Widać tutaj pewną niekonsekwencję. Skoro nieco wcześniej ogłoszono, że wszystkie zostały zniszczone, to skąd uszkodzenia? Tego Moskwa nie wyjaśniła. Nieco więcej światła rzucają filmy opublikowane przez ukraińskich żołnierzy. Widać na nich, jak drony przedzierają się przez rosyjską obronę i uderzają we fregatę rakietową projektu 11356R typu "Buriewiestnik" i trałowiec projektu 266M typu "Akwamarin-M". Nie pierwszy raz Kreml kłamie.
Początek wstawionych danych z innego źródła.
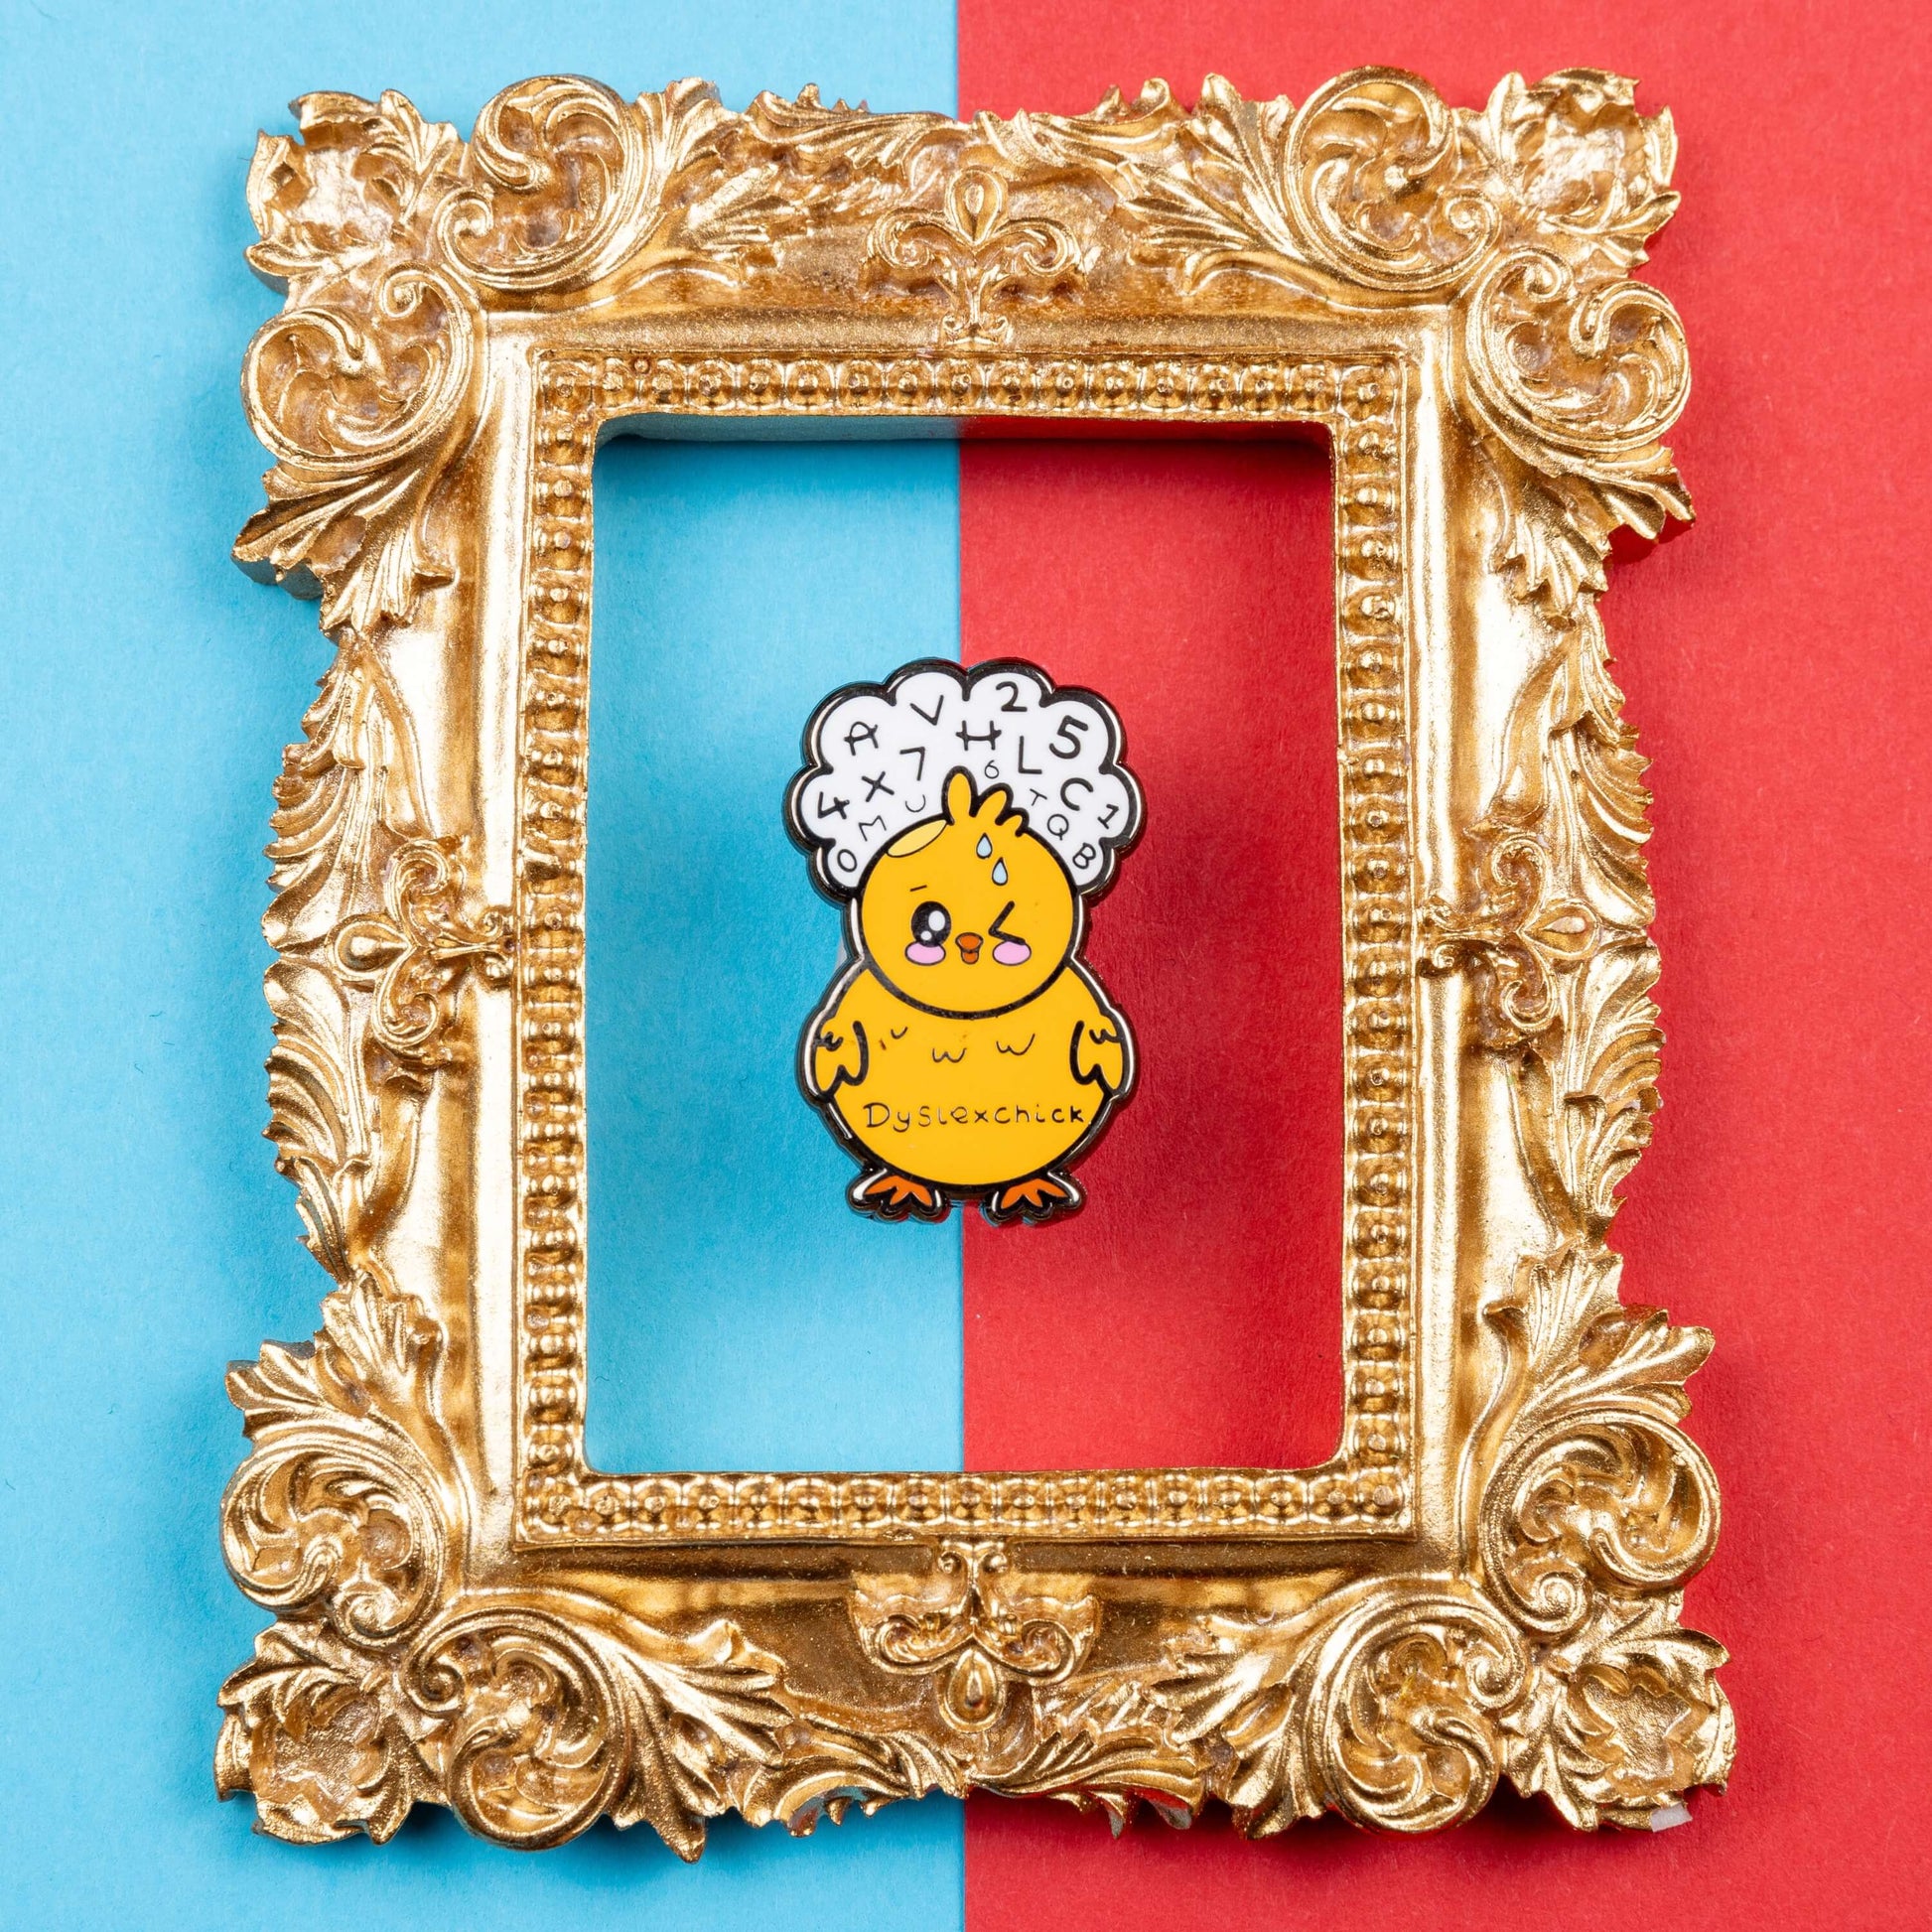 The Dyslexchick Enamel Pin - Dyslexia on a red and blue background inside a gold ornate frame. A yellow confused chick shaped pin badge with a thought bubble above its head full of letters and numbers with 'dyslexchick' written across its middle. The hand drawn design is raising awareness for dyslexia.

Nie ma co się dziwić. Ukraińcy kolejny raz ośmieszyli Flotę Czarnomorską.
Dalsza część artykułu pod materiałem wideo
- Marynarka Wojenna to szczególny rodzaj sił zbrojnych. Wymaga wysoko wykwalifikowanego personelu i działającego sprzętu. Tu nie da się kompensować jakości ilością - każde zaniedbanie będzie się mścić po wielokroć. Na lądzie można wysłać więcej żołnierzy, nawet słabo wyposażonych. Na morzu tak się nie da. Potrzebny jest sprawny sprzęt i wyszkoleni na wysokim poziomie marynarze. Rosjanom tego brakuje – wyjaśnia w rozmowie z Wirtualną Polską problemy Rosjan dr Michał Piekarski, ekspert ds. Bezpieczeństwa z Uniwersytetu Wrocławskiego.
Likwidowanie problemu?
Sewastopol jest głównym portem rosyjskiej Floty Czarnomorskiej. Stamtąd wychodzą okręty blokujące Odessę i atakujące ukraińskie miasta przy pomocy pocisków Kalibr. Zniszczenie infrastruktury portowej i okrętów rakietowych pozwoliłoby Ukraińcom złapać potrzebny oddech, który dałby czas na odbudowę infrastruktury energetycznej.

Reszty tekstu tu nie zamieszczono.